FRÉMIET, Emmanuel
(b. 1824, Paris, d. 1910, Paris)

Biography

French sculptor and stage designer. He was a nephew and pupil of François Rude and chiefly devoted himself to animal sculpture and to equestrian statues in armour. Next to Antoine Louis Barye, Frémiet is considered to be the finest and best known of the French 'Animalier' sculptors and responsible for bringing animal sculpture into fashion. His equestrian statue of Joan of Arc (Place des Pyramides, Paris) is a familiar landmark.

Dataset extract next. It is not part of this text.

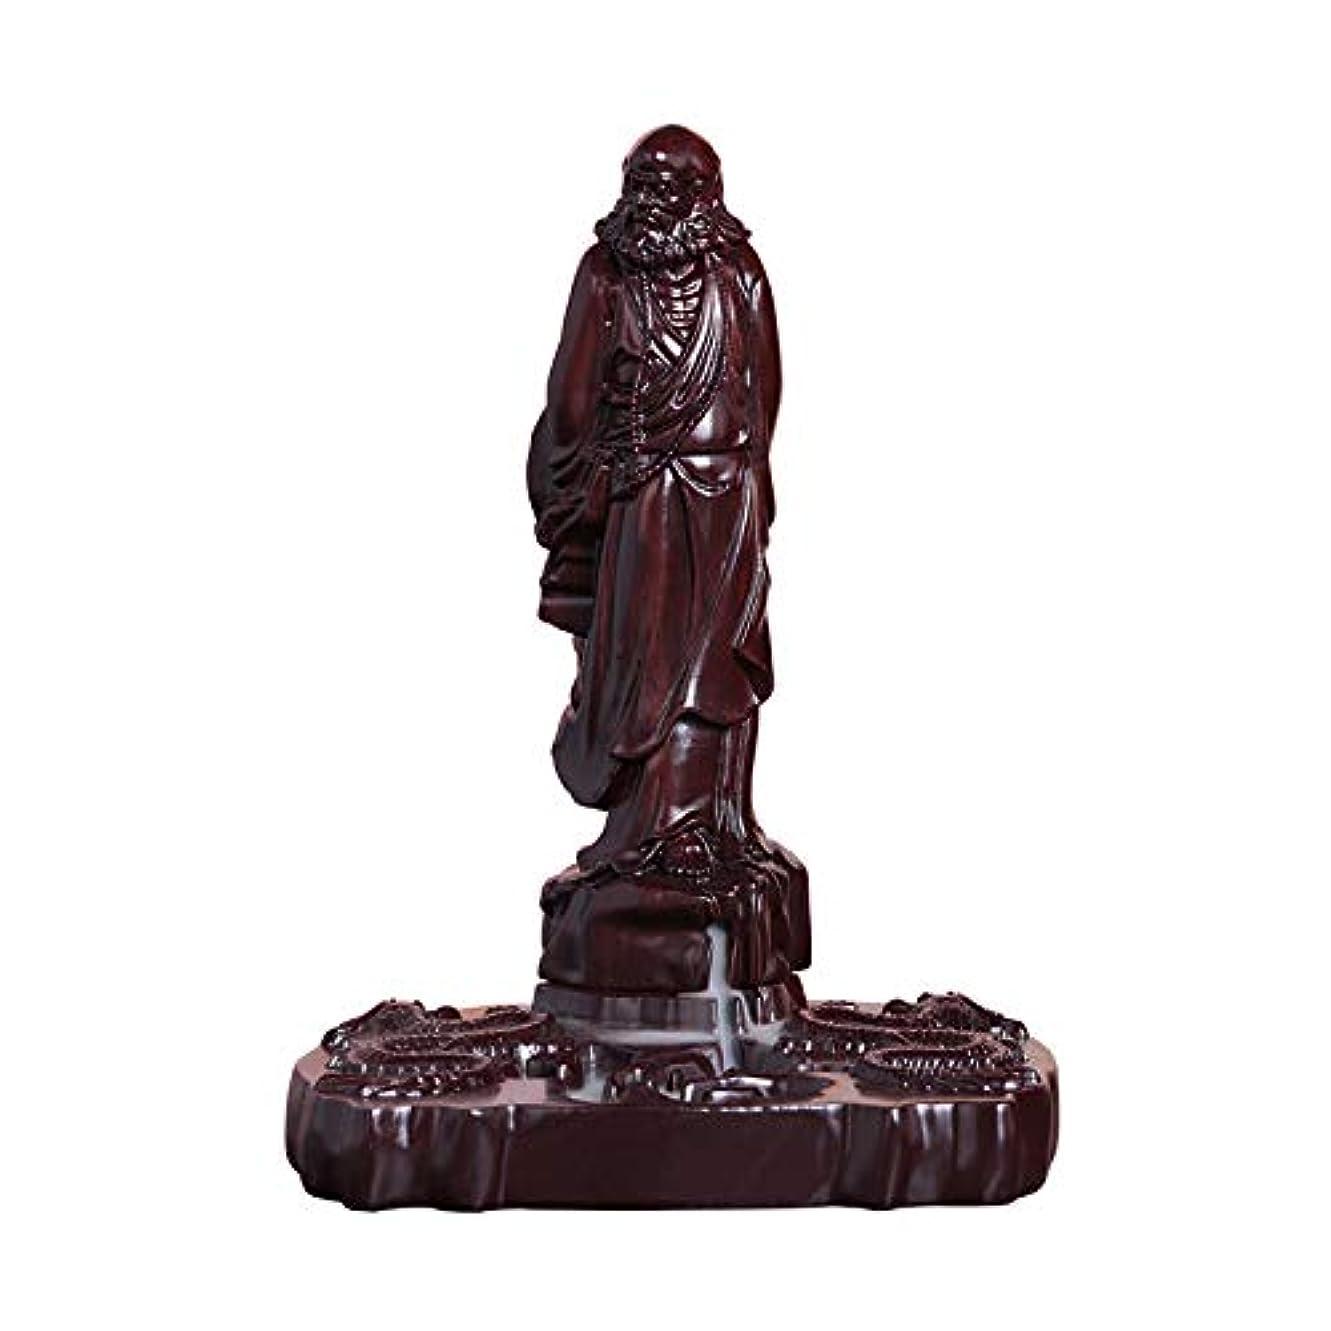 クロス脱獄盗難PHILOGOD マホガニー香炉 ダルマ 菩提 香立て ダルマ 木彫り工芸品逆流香炉 お香 ホルダー 香皿

He started to receive his formal training in art at the age of five at a private school in Paris and he was excepted at the prestigious École des Artes Decoratifs at the unheard of age of thirteen. He was to apprentice under the painter Jacques-Christophe Werner at the age of sixteen. Frémiet also studied sculpture and modeling under his uncle François Rude, but in spite of all of his early training and advantages it was some time before he and his cousin Sophie convinced Rude to take him on as a pupil in his studio.

Much of Frémiet's time as a student was spent at the Jardin de Plantes in Paris, studying the live animals and like Barye before him, participating in the dissections of the ones who had died. Frémiet spent a great deal of his young life at this famous Paris zoological gardens, first being exposed to the many different wild animals as a student when he was only seven. Frémiet's ties to the Jardin de Plantes were further bonded when he was appointed to succeed Antoine Louis Barye as Professor of Drawing following Barye's death in 1875. Like so many of the great sculptors, Frémiet spent time studying and drawing at the morgue, as well as at various embalmers in Paris.

Frémiet exhibited his first sculpture in the Paris Salon in 1843 at the age of nineteen and he continued to exhibit at the annual Salon throughout his lifetime, wining numerous awards and medals. During the early part of his career Frémiet concentrated on editions of small animal bronzes which he cast himself in his own foundry. Frémiet received the first of his many state public commission for a monument in 1849 at the age of twenty-five and was to receive more commissions for public monuments than any other sculptor before or since his time.

Frémiet was much admired by many of his colleagues and was made Chevalier of the Legion d'Honneur in 1860. He became a member of the Academy in 1892; an honorary member of the Royal Academy in 1904.